Yogyakarta (ANTARA News) - Perbedaan penetapan 1 Syawal 1432 Hijriyah tidak perlu dipermasalahkan, agar tidak menimbulkan pertentangan dan konflik di kalangan umat Islam, kata Ketua Umum Pimpinan Pusat Muhammadiyah Din Syamsudin.

"Perbedaan itu seyogianya disikapi dengan toleransi dan saling menghargai, karena penetapan awal Syawal didasari oleh keyakinan keagamaan masing-masing," katanya usai shalat Idul Fitri 1432 Hijriyah di Alun-alun Utara Yogyakarta, Selasa.

Muhammadiyah menetapkan 1 Syawal 1432 Hijriyah jatuh pada Selasa (30/8), sedangkan pemerintah menetapkan Hari Raya Idul Fitri itu jatuh pada Rabu (31/8).

Menurut dia, dalam Islam perbedaan itu diakui selama berdasarkan dalil keagamaan yang kuat dan dapat dipertanggungjawabkan. Oleh karena itu, perbedaan penetapan 1 Syawal 1432 Hijriyah tidak perlu diperdebatkan dan dibesar-besarkan.

"Keputusan Muhammadiyah menetapkan 1 Syawal 1432 Hijriyah itu bukan mengada-ada, tetapi berdasarkan keyakinan keagamaan. Muhammadiyah menetapkan 1 Syawal jatuh pada Selasa (30/8), karena ijtima atau konjungsi matahari, bulan, dan bumi sudah terjadi pada Senin (29/8)," katanya.

Menurut dia, negara tetangga seperti Malaysia dan Singapura serta negara-negara di Timur Tengah juga melaksanakan shalat Idul Fitri 1432 Hijriyah pada Selasa (30/8).

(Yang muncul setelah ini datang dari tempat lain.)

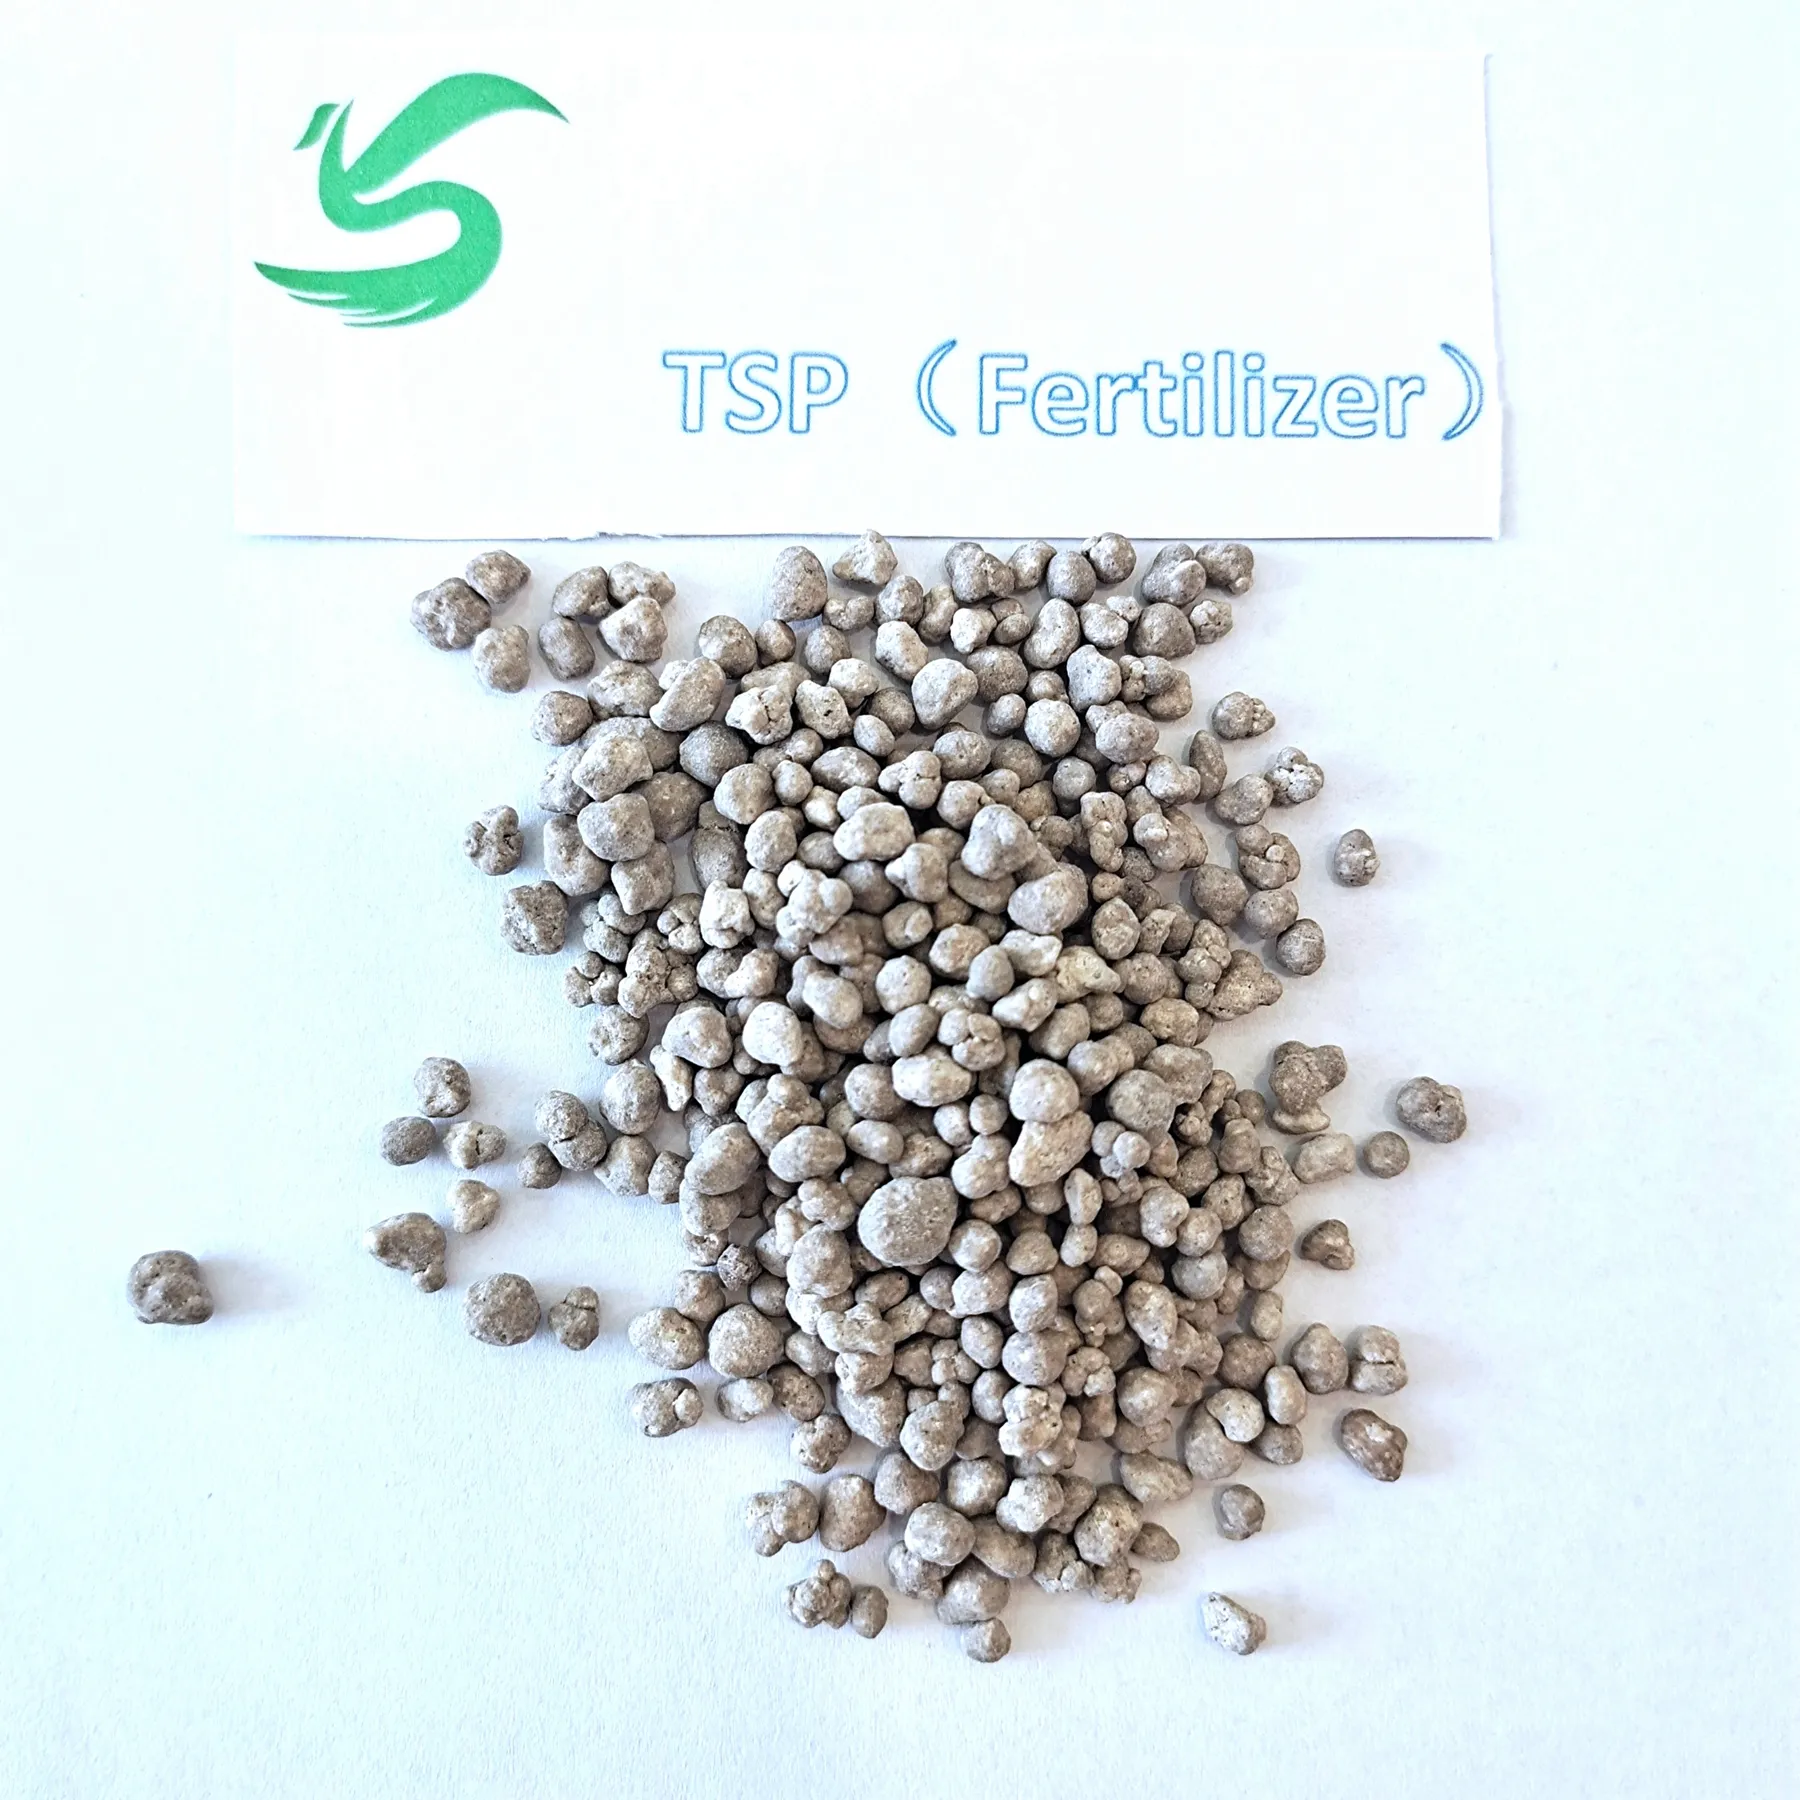 Low price TSP Triple Super Phosphate agricultural high efficiency fertilizer high purity 46% P2O5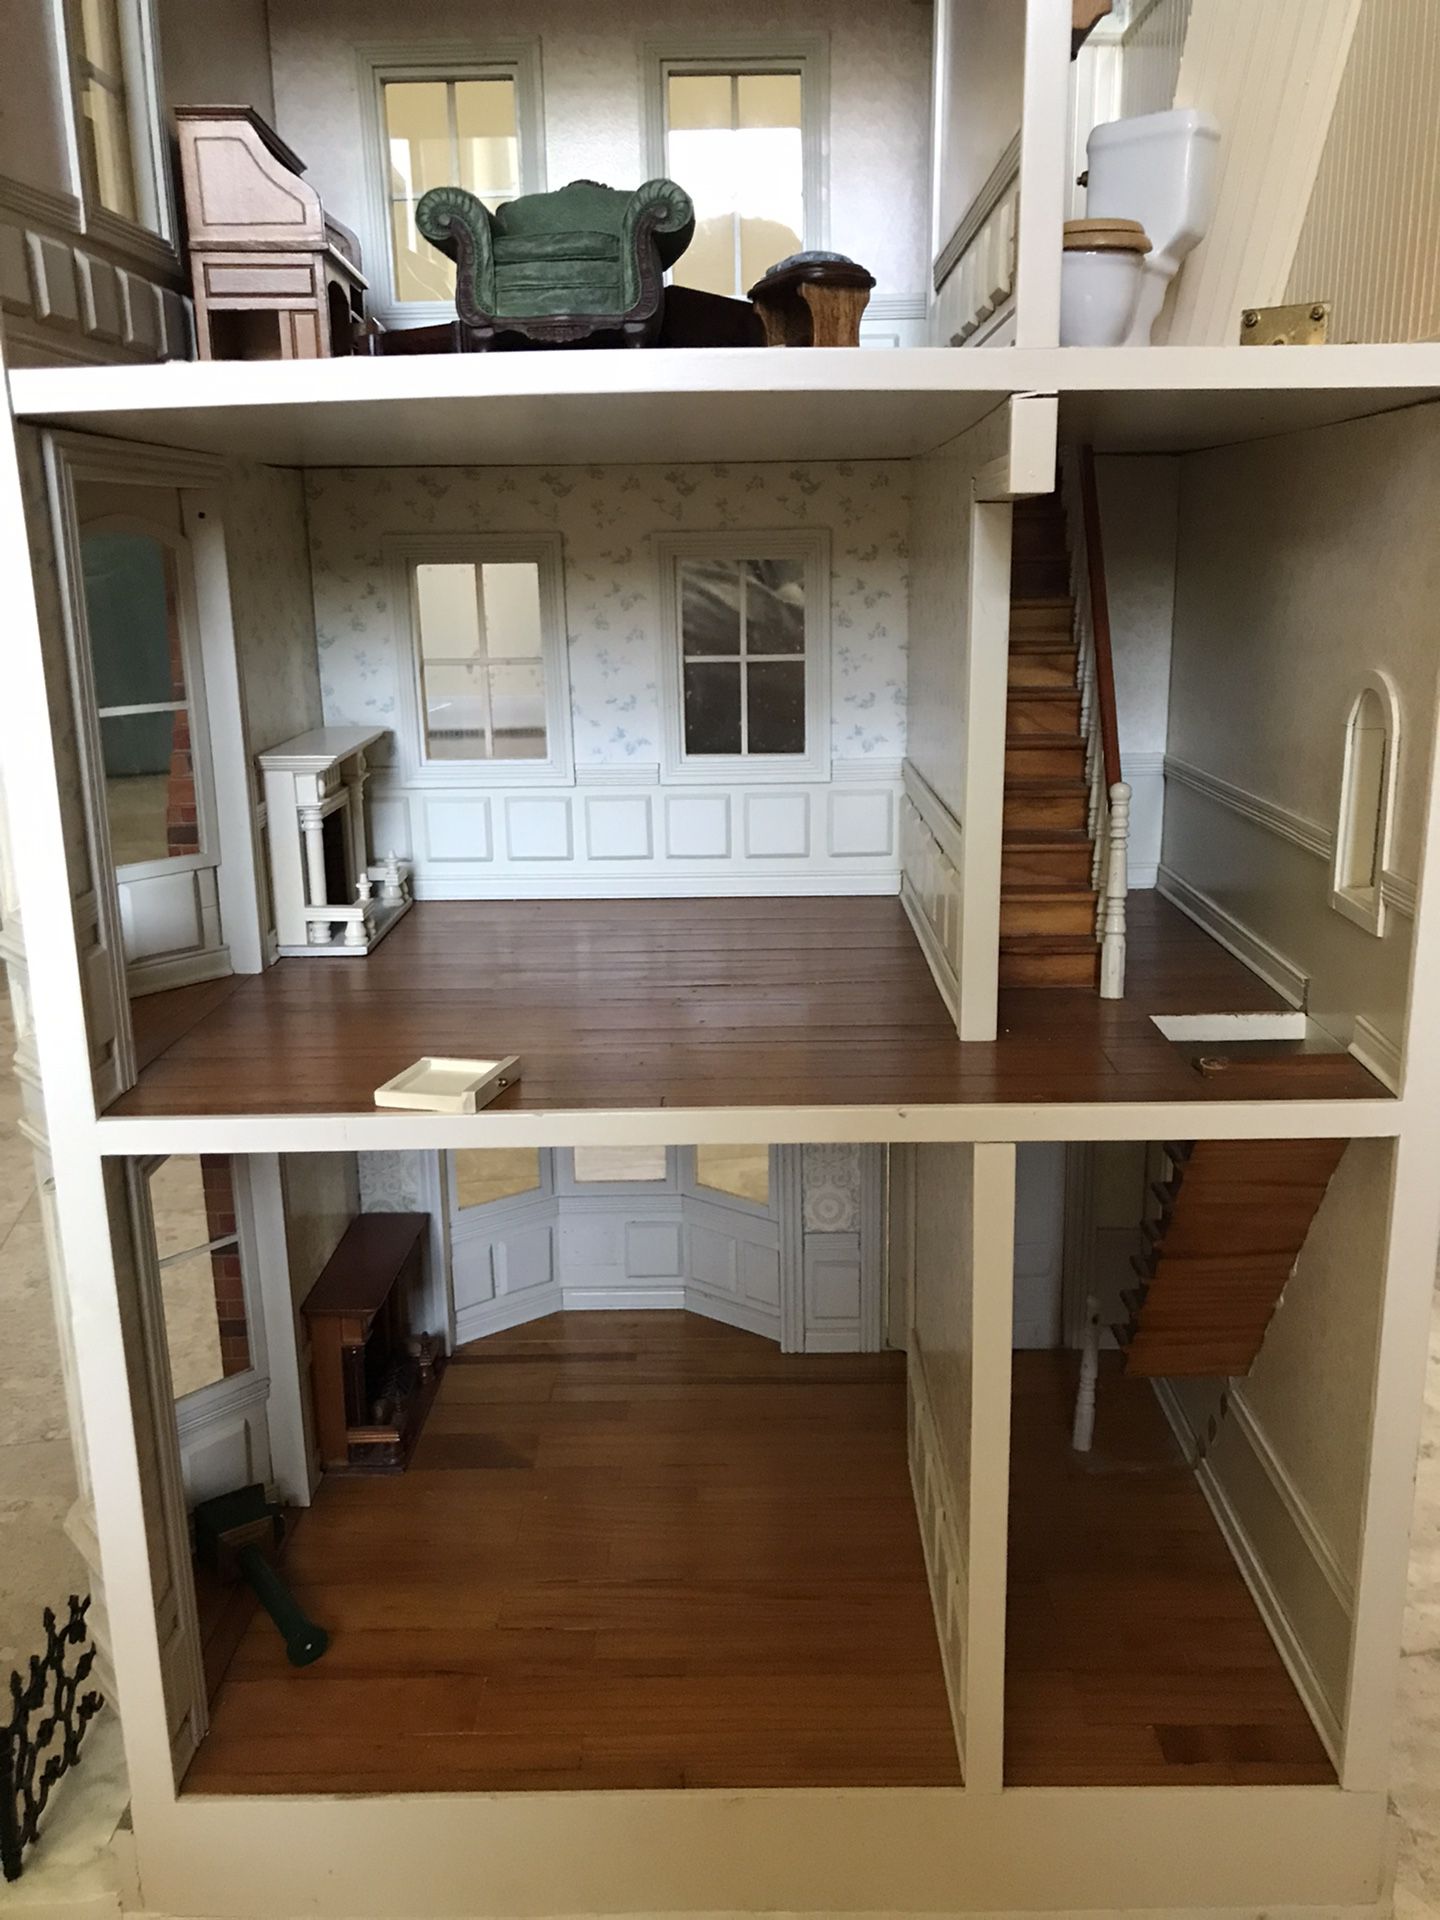 Memories Of Christmas Dollhouse for Sale in Salem, NH - OfferUp

"Meskipun terjadi perbedaan dalam penetapan awal Syawal, kita harus tetap menjaga ukhuwah Islamiyah dan meningkatkan silaturahmi. Perbedaan awal Syawal tidak hanya terjadi pada tahun ini, tetapi juga pada beberapa tahun lalu," katanya.

Ia mengatakan, pemerintah diharapkan dapat mengayomi seluruh elemen masyarakat terkait dengan perbedaan penetapan 1 Syawal tersebut.

"Hal itu sesuai dengan pasal 29 UUD 1945 yang menyatakan pemerintah menjamin kebebasan beragama bagi setiap warga negara," katanya.